A machine learning way to analyse white matter tractography streamlines / Application of artificial intelligence in correcting motion artifacts and reducing scan time in MRI
1. Embedding is all you need: A machine learning way to analyse white matter tractography streamlines - Dr Shenjun Zhong, Monash Biomedical Imaging Embedding white matter streamlines with various lengths into fixed-length latent vectors enables users to analyse them with general data mining techniques.

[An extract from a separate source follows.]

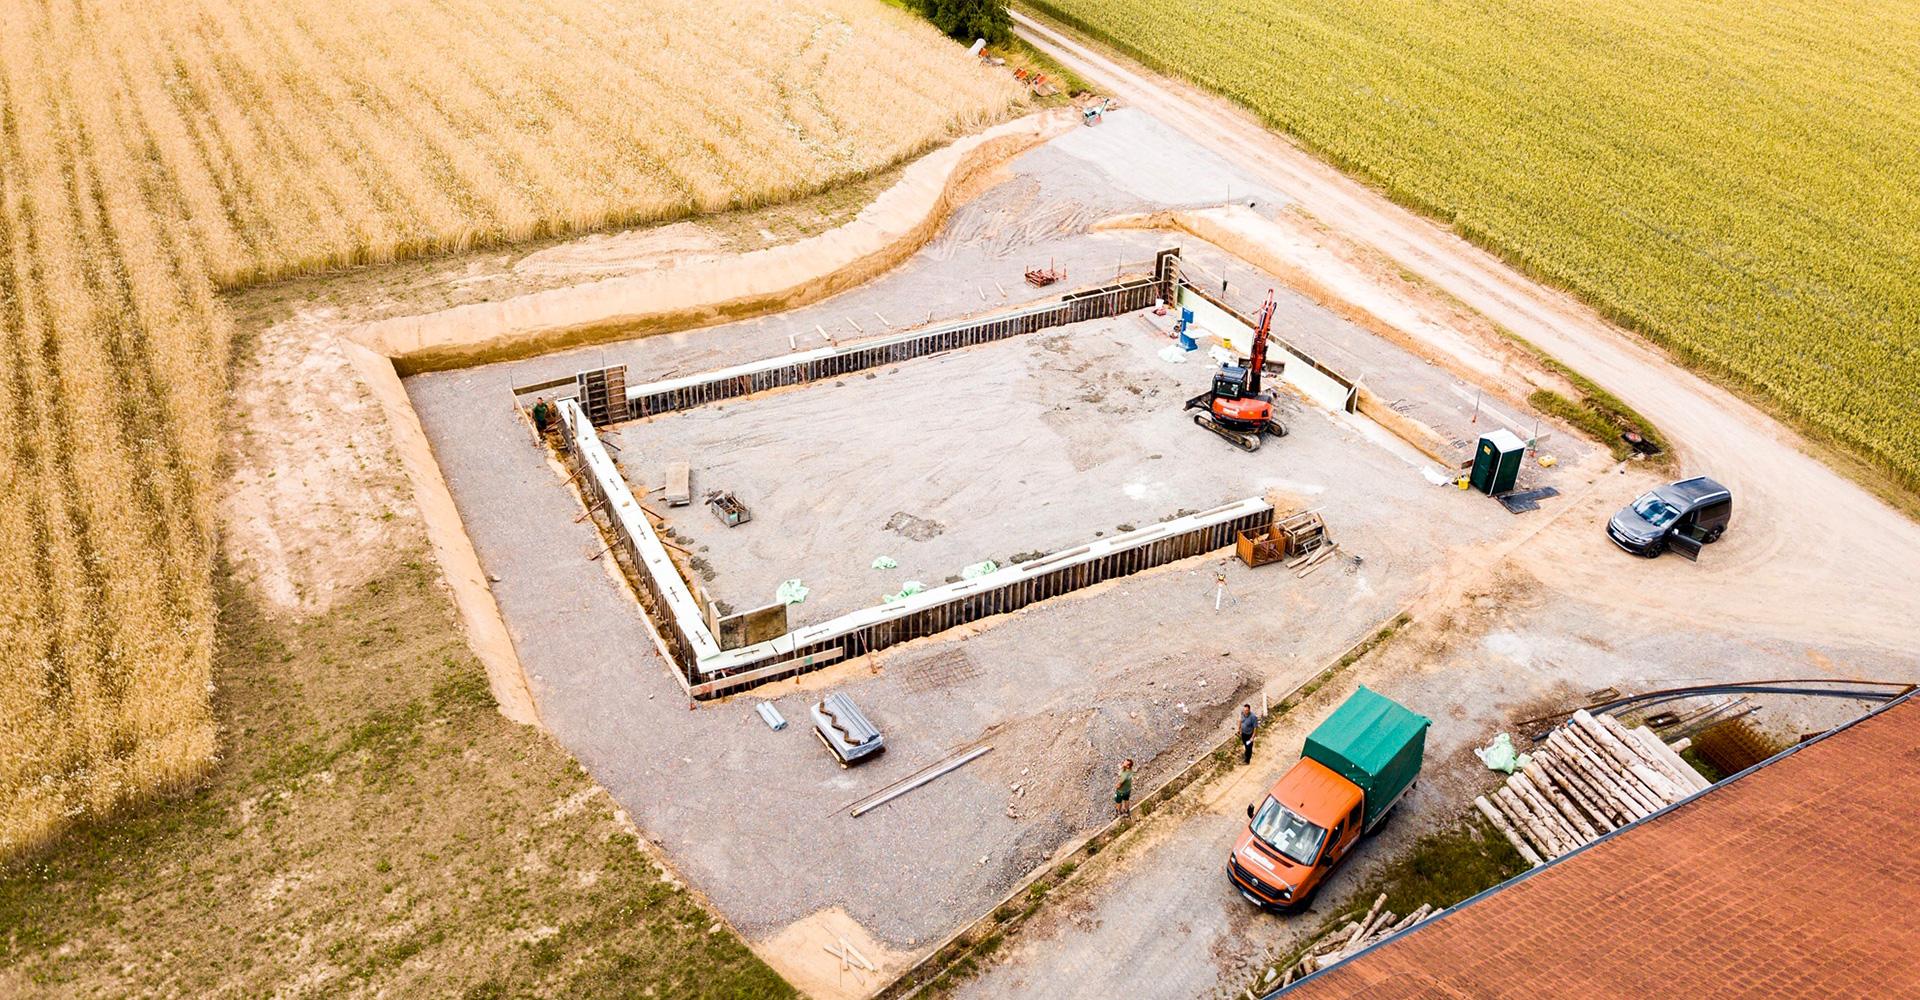 Kispert Bau GmbH aus Limbach

However, finding a good embedding schema is still a challenging task as the existing methods based on spatial coordinates rely on manually engineered features, and/or labelled dataset. In this webinar, Dr Shenjun Zhong will discuss his novel deep learning model that identifies latent space and solves the problem of streamline clustering without needing labelled data. Dr Zhong is a Research Fellow and Informatics Officer at Monash Biomedical Imaging. His research interests are sequence modelling, reinforcement learning and federated learning in the general medical imaging domain. 2. Application of artificial intelligence in correcting motion artifacts and reducing scan time in MRI - Dr Kamlesh Pawar, Monash Biomedical imaging Magnetic Resonance Imaging (MRI) is a widely used imaging modality in clinics and research. Although MRI is useful it comes with an overhead of longer scan time compared to other medical imaging modalities. The longer scan times also make patients uncomfortable and even subtle movements during the scan may result in severe motion artifact in the images. In this seminar, Dr Kamlesh Pawar will discuss how artificial intelligence techniques can reduce scan time and correct motion artifacts. Dr Pawar is a Research Fellow at Monash Biomedical Imaging. His research interest includes deep learning, MR physics, MR image reconstruction and computer vision.